I am not sure whether an emulator is as picky as the hardware when it comes to alignment errors. You could try it, and if you are lucky, then it reproduce the problem.
I could create a stack trace on mipsel64:
Program received signal SIGBUS, Bus error.
0x719e27a8 in __pyx_fuse_0__pyx_f_2yt_8geometry_22particle_oct_container_14ParticleBitmap___coarse_index_data_file (__pyx_v_self=0x70dcf8e8,
__pyx_v_pos=0x70be06b0, __pyx_v_hsml=0x91e05c <_Py_NoneStruct>, __pyx_v_file_id=0) at yt/geometry/particle_oct_container.cpp:12618
12618 *((__pyx_t_5numpy_uint8_t *) ( /* dim=0 */ (__pyx_v_mask.data + __pyx_t_13 * __pyx_v_mask.strides[0]) )) = 1;
(gdb) bt
#0 0x719e27a8 in __pyx_fuse_0__pyx_f_2yt_8geometry_22particle_oct_container_14ParticleBitmap___coarse_index_data_file (
__pyx_v_self=0x70dcf8e8, __pyx_v_pos=0x70be06b0, __pyx_v_hsml=0x91e05c <_Py_NoneStruct>, __pyx_v_file_id=0)

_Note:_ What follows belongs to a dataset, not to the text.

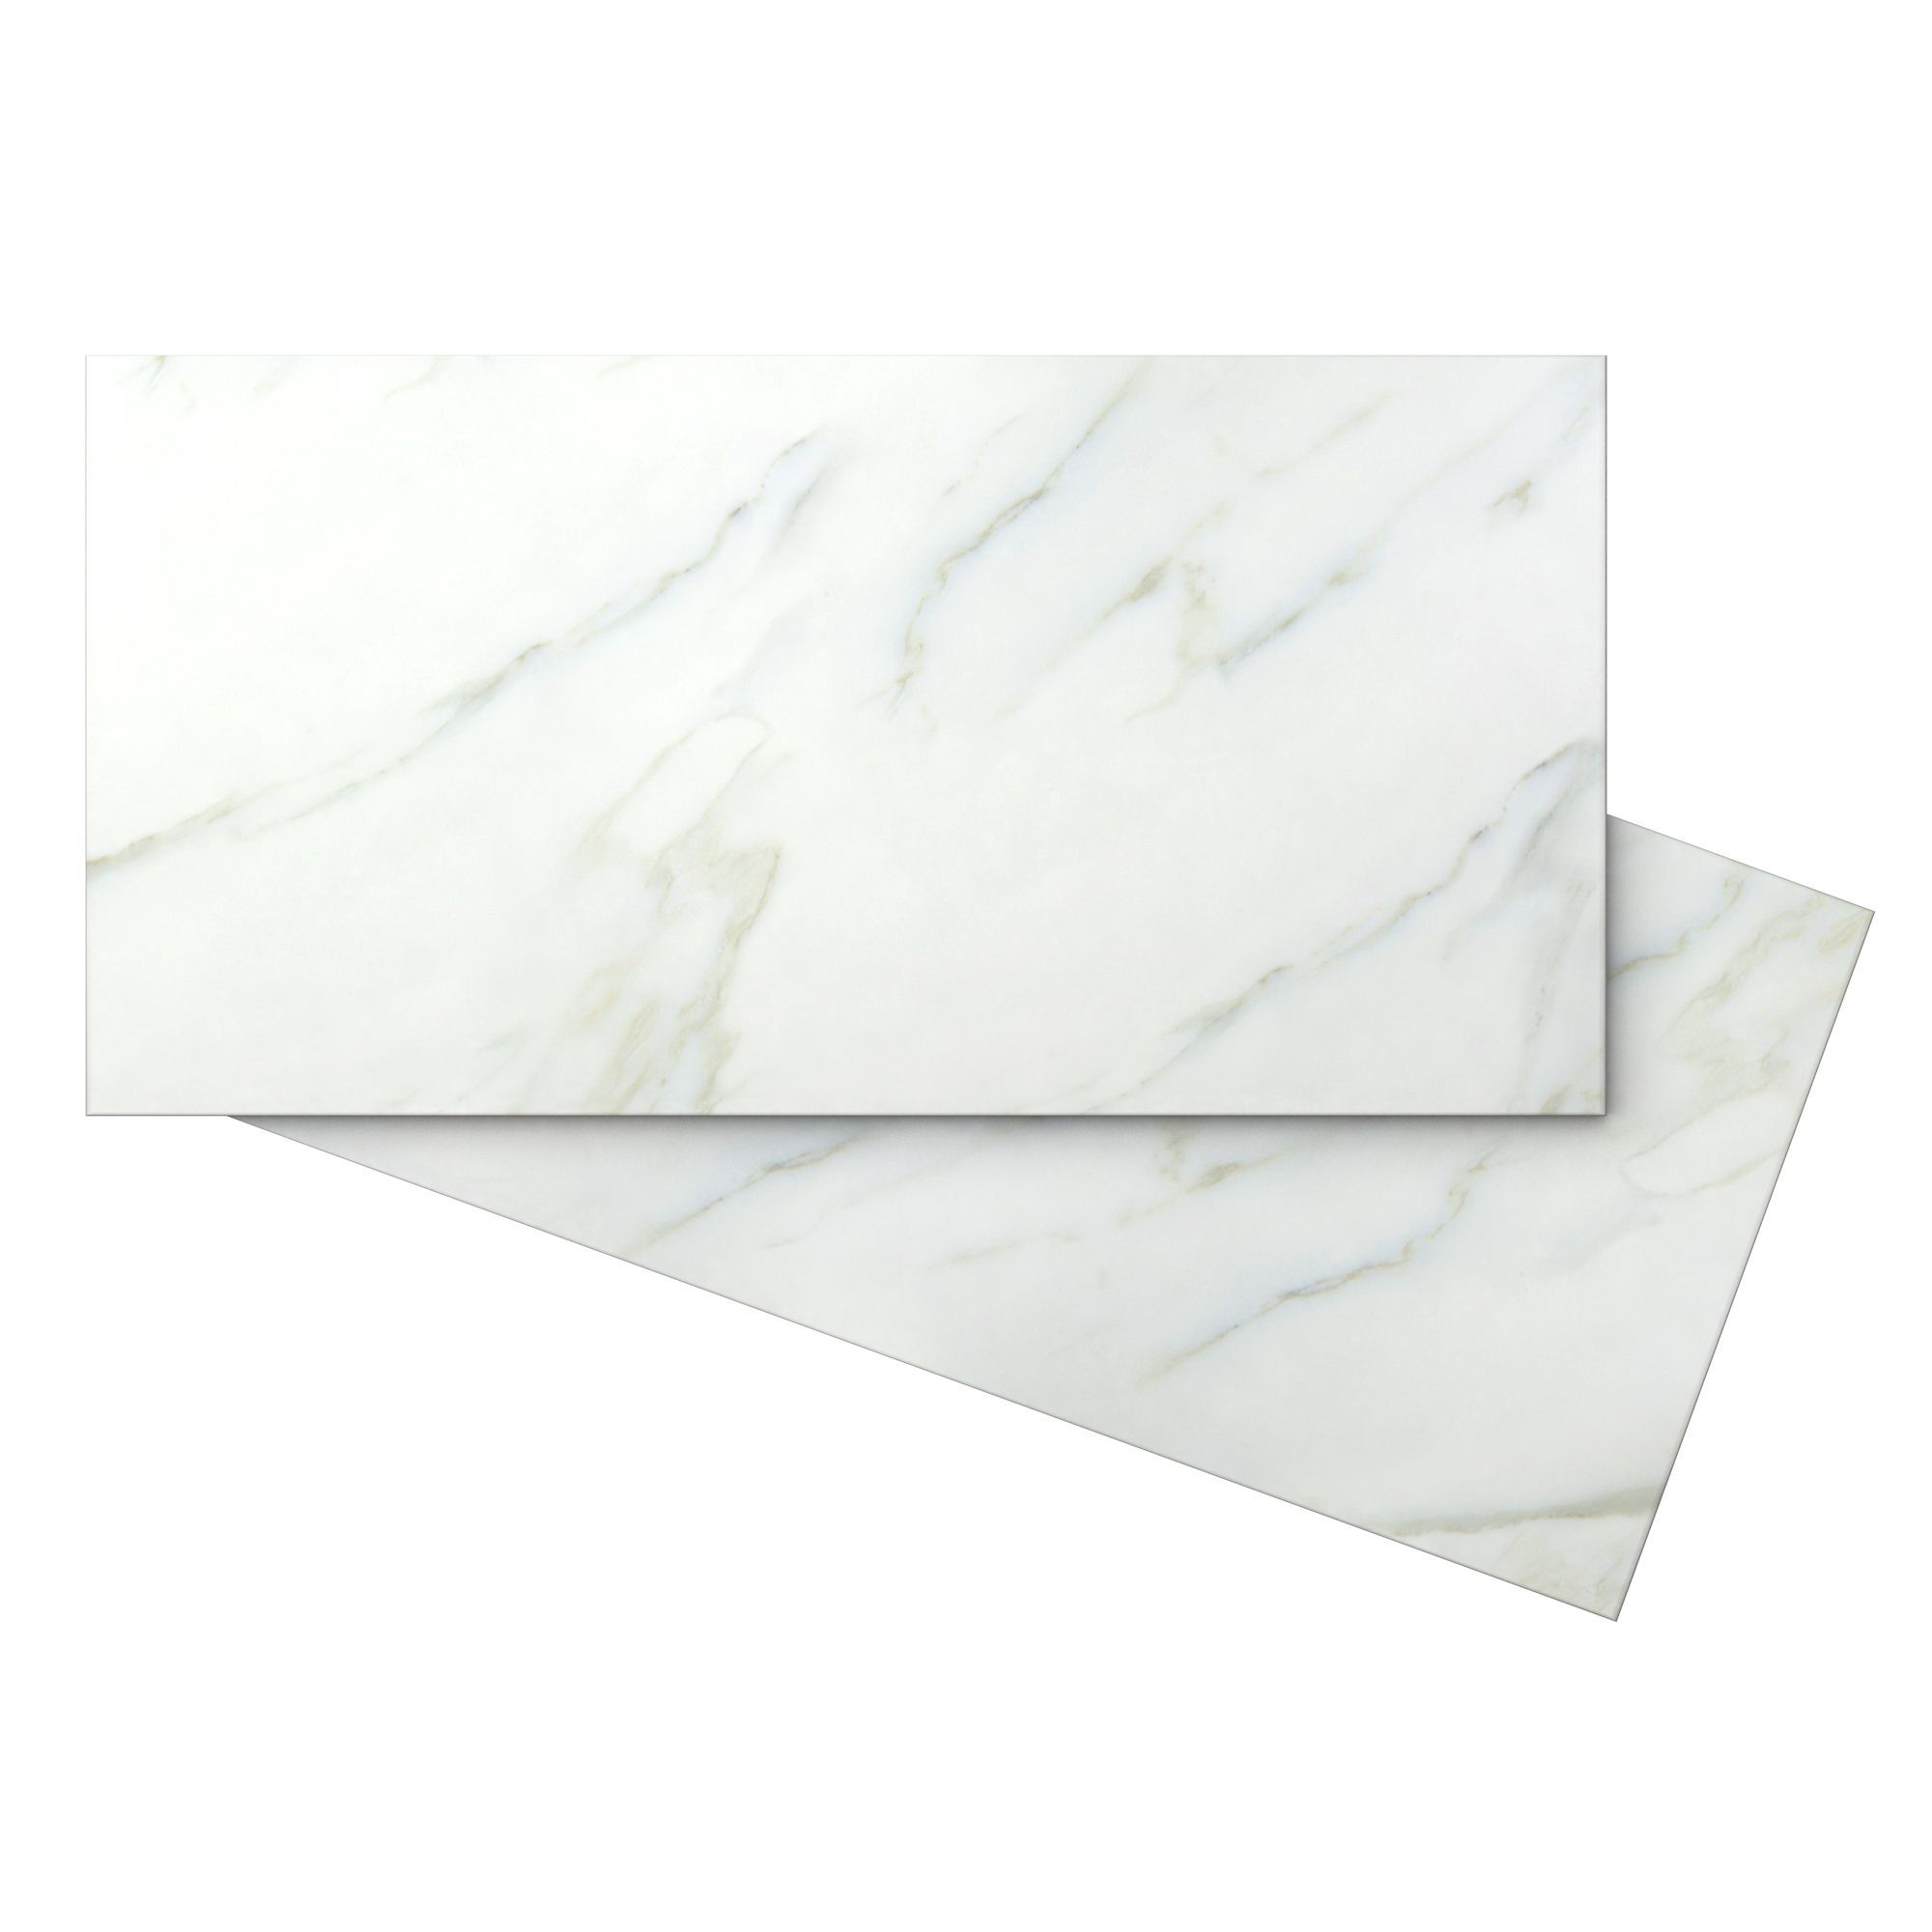 Aquila white stone effect carrara ceramic wall tile pack of 5 l aquila white stone effect carrara ceramic wall tile pack of 5 l600mm w300mm departments diy at bq doublecrazyfo Choice Image

at yt/geometry/particle_oct_container.cpp:12618
#1 0x719e0d04 in __pyx_pf_2yt_8geometry_22particle_oct_container_14ParticleBitmap_80_coarse_index_data_file (__pyx_v_self=0x70dcf8e8,
__pyx_v_pos=0x70be06b0, __pyx_v_hsml=0x91e05c <_Py_NoneStruct>, __pyx_v_file_id=0) at yt/geometry/particle_oct_container.cpp:12078
#2 0x719e09dc in __pyx_fuse_0__pyx_pw_2yt_8geometry_22particle_oct_container_14ParticleBitmap_81_coarse_index_data_file (
__pyx_v_self=0x70dcf8e8, __pyx_args=0x7076a3e8, __pyx_kwds=0x0) at yt/geometry/particle_oct_container.cpp:12028
#3 0x73010f54 in __Pyx_CyFunction_CallMethod (func=0x71de4c68, self=0x70dcf8e8, arg=0x7076a3e8, kw=0x0)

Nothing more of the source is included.